“Judge me by my size, do you?” – Yoda
“Judge me by me size, do ye?” – Red Suarez, fictional pirate.
Eerie, isn’t it? Try this one:
“The future I cannot see” – Yoda
“The future I cannot see” – Cap’t Barbossa.
Call me crazy, but I’m seeing a definite link between the syntactically challenged English Yoda speaks and the educationally challenged middle English spoken by fictional pirates. A link, a connection, a commonality.
Try it. Take any Yoda line, swap out the word “you” with the word “ye”, and say it like Long John Silver.
“Truly wonderful the mind of a child is.”
Creepy, am I right?
So? What gives? I’ve come up with three theories:
First theory: Yoda and pirates come from the same stock. One day those ghost hunting guys who keeps discovering Chupacabra tracks for cable television are going to uncover the remains of a Yoda-like creature that crash-landed in the Caribbean some 500 years ago. “Help me, you must,” cried the sole survivor. This theory is not very likely.
Second theory: convoluted sentence structure is a byproduct of being strong with The Force. Yoda is certainly robust in that respect. And it’s not a long stretch to imagine pirates as being strong in the Dark Side. Still, Darth Vader didn’t talk like a pirate, and Kylo Ren uses pretty good grammar. Even Luke Skywalker, about whom Darth Vader said “The Force is strong in this one” – even he got subjects and verbs in the right order. Another not very likely theory.
Third theory: Lawrence Kasdan, who wrote the screenplay for The Empire Strikes Back, needed to give Yoda a quirky-yet-charming mannerism that would make him sound both familiar and alien. Clever, this dialect choice was. This would be the most likely theory.
Now, as I know you know, not all pirates talked like Yoda.

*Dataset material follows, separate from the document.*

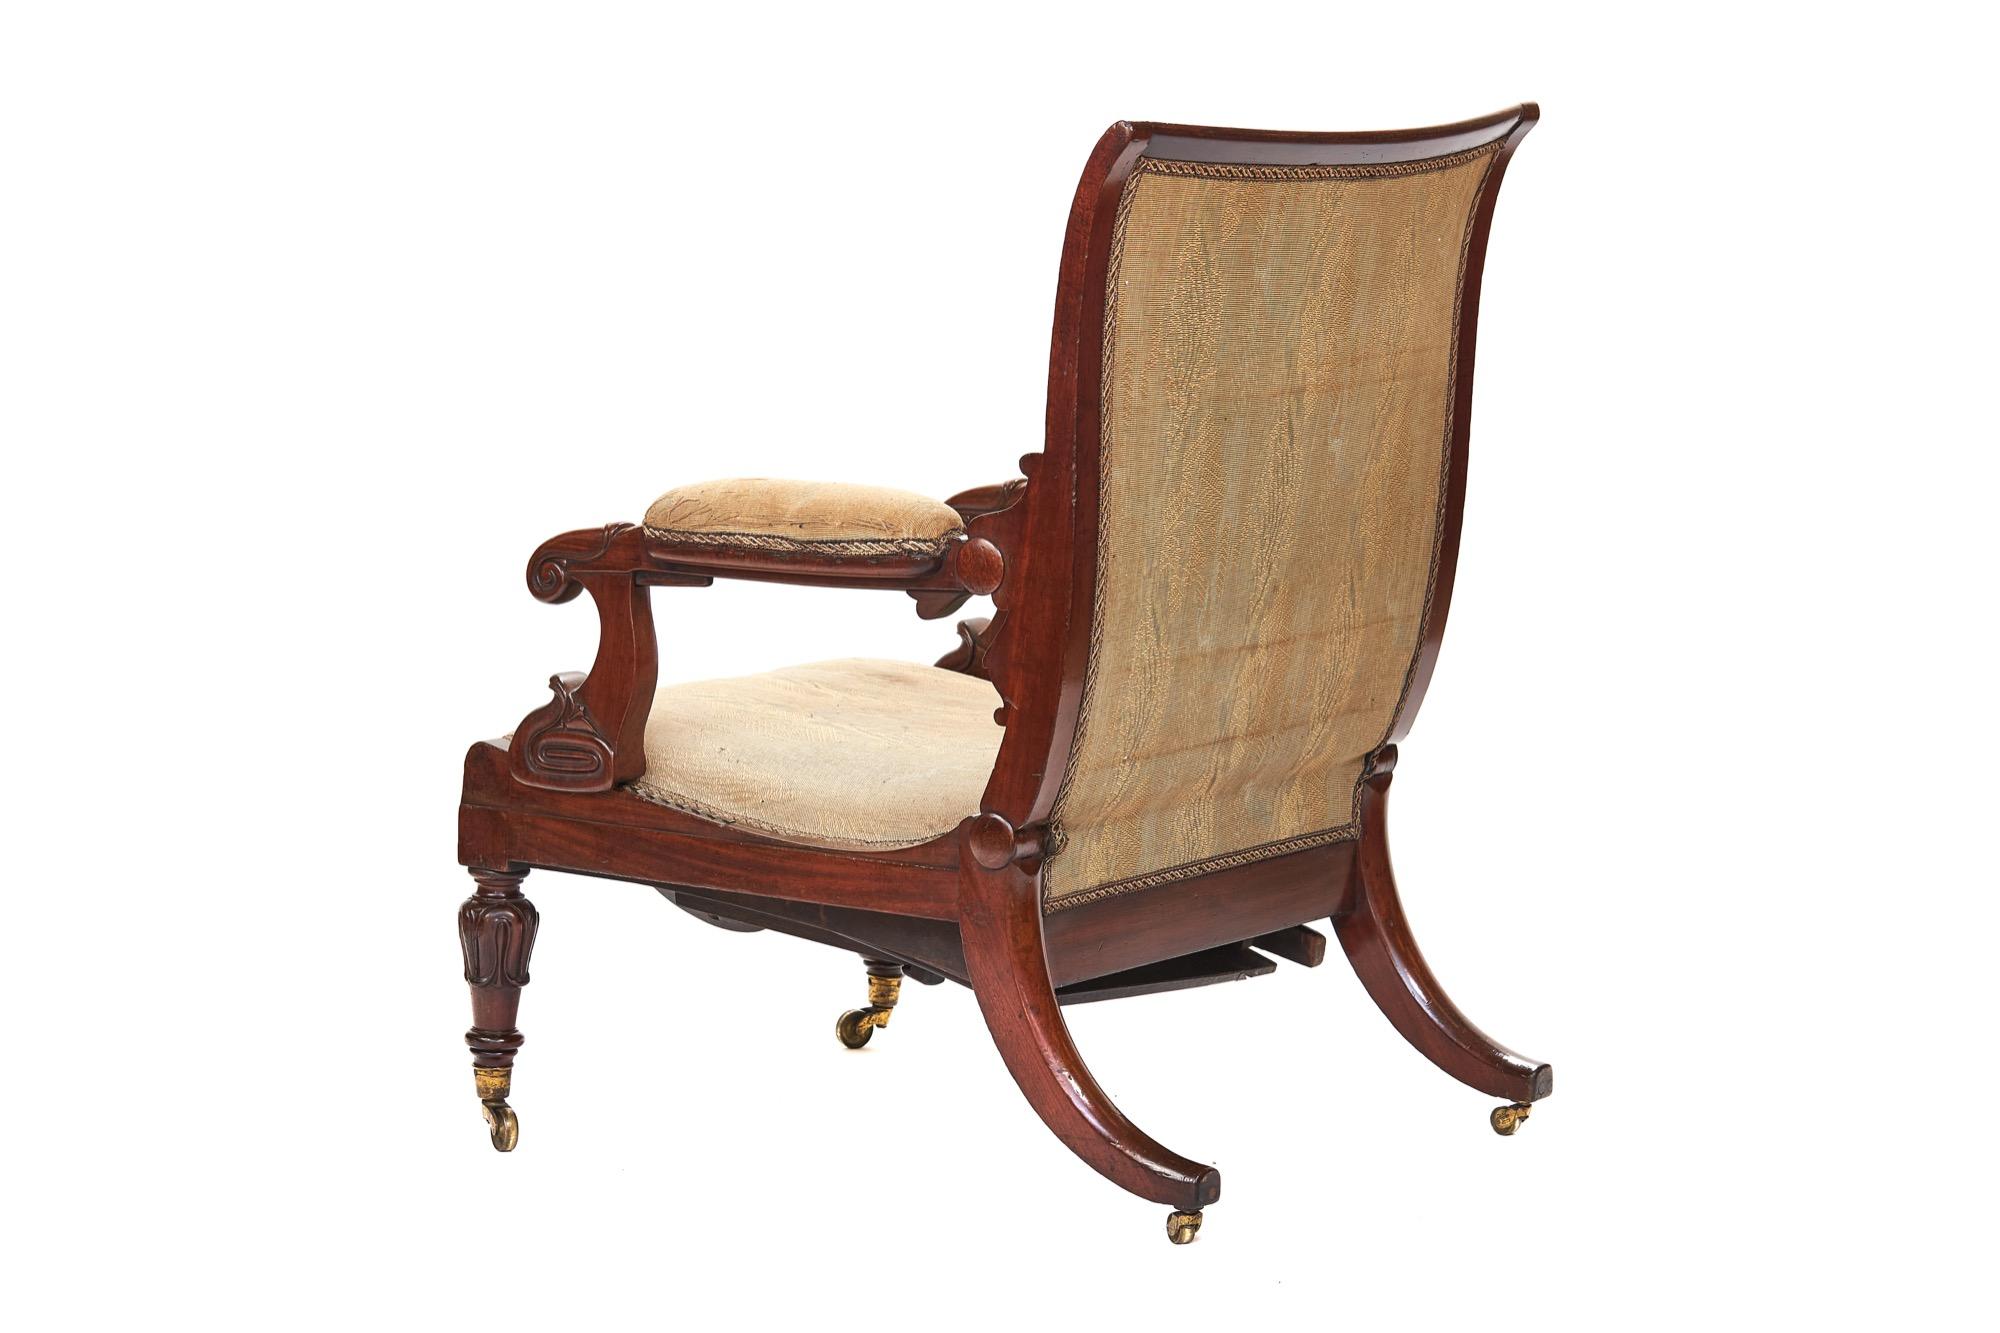 English Daws Patent Improved Reclining Chair, circa 1830 For Sale

Pirates mostly spoke in the dialect of their native lands – during the Golden Age of Piracy, this would have been England. And, since the greatest percentage of pirates were not men of culture and learning, they tended to use the rougher language of the streets – stab me in me vitals if that don’t be true!
If you read Treasure Island, by Robert Louis Stevenson, you’ll get a great pirate caricature in Long John Silver. But read The Black Swan, by Rafael Sabatini, and you’ll find a great mix of swashbuckling pirate and gentlemen of fortune that, while quite romantic, was probably equally accurate.
And, middle English, which was in use at the close of the Elizabethan Era, quite at the same time as the Golden Age of Piracy, was full of fun, convoluted sentence structures. This one is my current favorite: “Avoid taverns, brothels and gambling halls should I, were I you.”
Until the link between the citizens of Dagobah and Port Royal is defined, however, around Yoda my wallet should I watch. Arrgh.